> [ASSIGNMENT]
Scan the entries and tally the lines that include the string "Samurai". Reply with the figure alone.

[Stored records]
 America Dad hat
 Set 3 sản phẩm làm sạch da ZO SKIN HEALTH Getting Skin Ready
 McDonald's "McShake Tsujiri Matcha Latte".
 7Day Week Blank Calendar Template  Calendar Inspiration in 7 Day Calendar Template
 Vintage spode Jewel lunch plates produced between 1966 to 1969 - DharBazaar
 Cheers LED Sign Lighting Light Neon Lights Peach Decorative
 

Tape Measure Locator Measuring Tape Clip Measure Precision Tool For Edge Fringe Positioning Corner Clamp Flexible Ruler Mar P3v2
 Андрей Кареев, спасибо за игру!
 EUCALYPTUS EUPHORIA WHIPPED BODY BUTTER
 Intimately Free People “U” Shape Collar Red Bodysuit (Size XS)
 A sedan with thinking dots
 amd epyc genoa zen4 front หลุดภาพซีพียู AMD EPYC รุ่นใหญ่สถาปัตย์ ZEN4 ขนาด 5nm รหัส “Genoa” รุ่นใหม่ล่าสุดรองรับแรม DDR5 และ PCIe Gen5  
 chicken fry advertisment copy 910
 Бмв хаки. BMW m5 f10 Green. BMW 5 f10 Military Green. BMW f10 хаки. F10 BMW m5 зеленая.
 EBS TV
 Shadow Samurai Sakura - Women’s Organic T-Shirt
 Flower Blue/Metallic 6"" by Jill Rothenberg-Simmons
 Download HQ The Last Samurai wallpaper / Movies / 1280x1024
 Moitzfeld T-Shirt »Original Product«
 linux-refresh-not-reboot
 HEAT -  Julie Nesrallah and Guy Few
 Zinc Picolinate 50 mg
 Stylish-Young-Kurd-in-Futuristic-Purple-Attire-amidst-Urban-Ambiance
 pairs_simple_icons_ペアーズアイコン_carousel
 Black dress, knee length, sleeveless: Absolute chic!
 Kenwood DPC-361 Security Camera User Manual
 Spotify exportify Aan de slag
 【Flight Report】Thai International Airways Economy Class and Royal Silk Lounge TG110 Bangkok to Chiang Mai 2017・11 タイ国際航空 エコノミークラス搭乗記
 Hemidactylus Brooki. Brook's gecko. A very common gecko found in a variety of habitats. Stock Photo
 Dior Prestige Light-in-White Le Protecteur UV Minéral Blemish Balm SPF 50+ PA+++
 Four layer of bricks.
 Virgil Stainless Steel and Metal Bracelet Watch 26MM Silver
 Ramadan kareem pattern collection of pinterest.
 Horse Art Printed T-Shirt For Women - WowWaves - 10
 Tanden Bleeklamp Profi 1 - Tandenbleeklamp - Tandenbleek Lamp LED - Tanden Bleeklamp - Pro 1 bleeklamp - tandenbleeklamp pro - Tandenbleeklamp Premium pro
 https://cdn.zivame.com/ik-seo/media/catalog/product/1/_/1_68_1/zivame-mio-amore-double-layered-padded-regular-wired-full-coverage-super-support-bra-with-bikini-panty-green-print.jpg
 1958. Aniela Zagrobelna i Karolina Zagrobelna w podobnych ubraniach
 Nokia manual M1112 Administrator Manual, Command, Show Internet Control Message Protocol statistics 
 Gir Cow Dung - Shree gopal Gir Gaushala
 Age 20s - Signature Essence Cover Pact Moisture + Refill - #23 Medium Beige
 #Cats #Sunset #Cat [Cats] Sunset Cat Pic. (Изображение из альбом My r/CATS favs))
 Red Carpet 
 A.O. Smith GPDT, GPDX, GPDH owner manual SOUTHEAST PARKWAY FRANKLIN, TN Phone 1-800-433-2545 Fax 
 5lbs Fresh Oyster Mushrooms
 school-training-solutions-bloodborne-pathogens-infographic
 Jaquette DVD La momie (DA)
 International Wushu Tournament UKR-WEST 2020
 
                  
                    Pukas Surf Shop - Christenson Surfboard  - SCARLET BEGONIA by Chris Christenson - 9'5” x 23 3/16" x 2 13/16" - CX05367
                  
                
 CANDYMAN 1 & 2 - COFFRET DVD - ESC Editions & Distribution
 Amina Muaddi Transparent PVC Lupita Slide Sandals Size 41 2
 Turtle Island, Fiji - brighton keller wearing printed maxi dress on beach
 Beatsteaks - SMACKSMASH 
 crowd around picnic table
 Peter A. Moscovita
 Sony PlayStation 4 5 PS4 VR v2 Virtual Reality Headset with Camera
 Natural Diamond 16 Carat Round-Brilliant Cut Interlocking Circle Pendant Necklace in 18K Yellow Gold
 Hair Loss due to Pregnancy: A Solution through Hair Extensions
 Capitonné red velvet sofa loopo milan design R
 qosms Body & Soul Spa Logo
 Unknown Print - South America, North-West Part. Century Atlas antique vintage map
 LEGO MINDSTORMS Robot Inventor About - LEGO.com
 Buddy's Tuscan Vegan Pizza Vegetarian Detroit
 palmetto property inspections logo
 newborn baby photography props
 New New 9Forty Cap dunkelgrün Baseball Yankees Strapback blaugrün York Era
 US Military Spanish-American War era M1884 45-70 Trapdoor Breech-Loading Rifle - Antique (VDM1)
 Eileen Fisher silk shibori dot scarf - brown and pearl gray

> [OUTPUT FOR THIS EXERCISE]
2